Shelley Cardinal, National Indigenous Advisor to the Canadian Red Cross. She is the driving force behind Walking The Prevention Circle, a violence-prevention program that explores the historical context and contemporary complexities of the cycle of violence in Indigenous communities. This program was co-created with Indigenous leaders, and it “acknowledges the wholeness, history, light, darkness, challenges and potential of Aboriginal people and communities. From the cycle of violence to the circle of healing, Walking the Prevention Circle recognizes the inter-connectedness of these opposing realities.” A member of the Bigstone Cree Nation in northern Alberta and now based in Victoria, BC, Shelley works closely with Indigenous people and communities across Canada. Shelley has an education background in Psychology and Social Work with post graduate education in Leadership.
 Fairholm, J. Fearn, T., & Ross, K. (2010) Walking the Prevention Circle for Aboriginal Communities. 3rd Ed. Canadian Red Cross Society (p.10)
Dr. Debra Pepler is one of PREVNet's Scientific Co-Directors and is a Distinguished Research Professor of Psychology at York University and a Senior Executive Member of the LaMarsh Centre for Child and Youth Research. Dr. Pepler has conducted two major research programs on children at risk within the context of peer relationships at school and in context of the family. To study aggression and bullying, Dr. Pepler developed an innovative methodology to observe children’s interactions which would normally be hidden from adults. Dr. Pepler has been honoured for this research with the Contribution to Knowledge Award from the Psychology Foundation of Canada, the Educator of the Year Award from Phi Delta Kappa (Toronto), the University of Waterloo Arts in Academia Award, and the Canadian Psychological Association Award for Distinguished Contributions to Public or Community Service.

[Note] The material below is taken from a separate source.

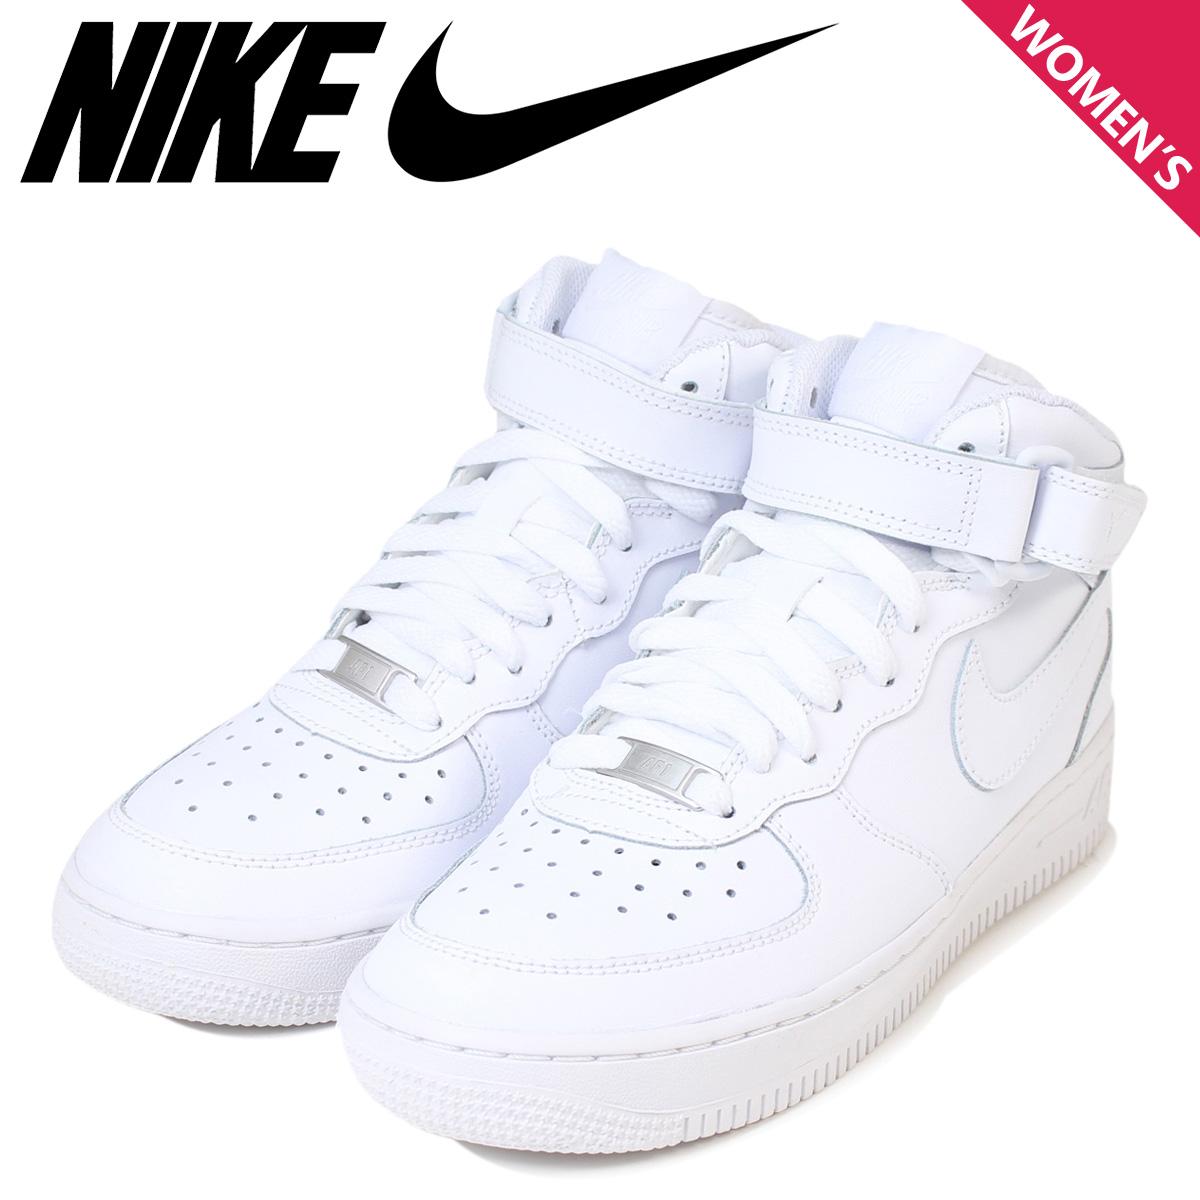 Nike Air Force 1 Pour Les Filles

Dr. Kathy Absolon is Anishinaabe Kwe from Flying Post First Nation. Her Anishinaabe name is Minogiizhigo kwe (Shining Day Woman). She is also an Associate Professor in the Faculty of Social Work (FSW) and is the Program Coordinator of the Aboriginal Field of Study, FSW at Wilfrid Laurier University and brings strong experience in Indigenous research methodologies and processes. Dr. Absolon has recently published a book, Kaandossiwin: How We Come to Know (Fernwood, 2011) in which she examines the work of Indigenous scholars who utilize Indigenous worldviews in their search for knowing. In her book, she lays the foundation for research that is true to Indigenous principles and methods.
Dr. Susan D. Dion is an Indigenous scholar (Potawatomi and Lenape) who has been working in the field of education for over twenty-five years. Dr. Dion is a professor in the Faculty of Education at York University, her research interests include decolonizing and Indigenizing education; urban Aboriginal education; and violence prevention in Indigenous communities. Dr. Dion works in collaboration with the Toronto District School Board Aboriginal Education Centre on research and program development. She is widely consulted by diverse community groups, workplaces, and institutions on developing methods for building more equitable, respectful relationships between Indigenous and non-Indigenous people. Dr. Dion’s book titled Braiding Histories: Learning from Aboriginal Peoples' Experiences and Perspectives (2009) is available from UBC Press.
Dr. Onowa McIvor is Swampy Cree from Northern Manitoba, but now gratefully resides on Coast and Straits territory on Vancouver Island in BC. Dr. McIvor is an Assistant Professor and the Director of Indigenous Education at the University of Victoria. She is a long-serving board member with the Victoria Native Friendship Centre (VNFC) and has worked for the past ten years in various capacities with Indigenous communities but most recently in the areas of Indigenous early childhood education, care and development and Indigenous language revitalization.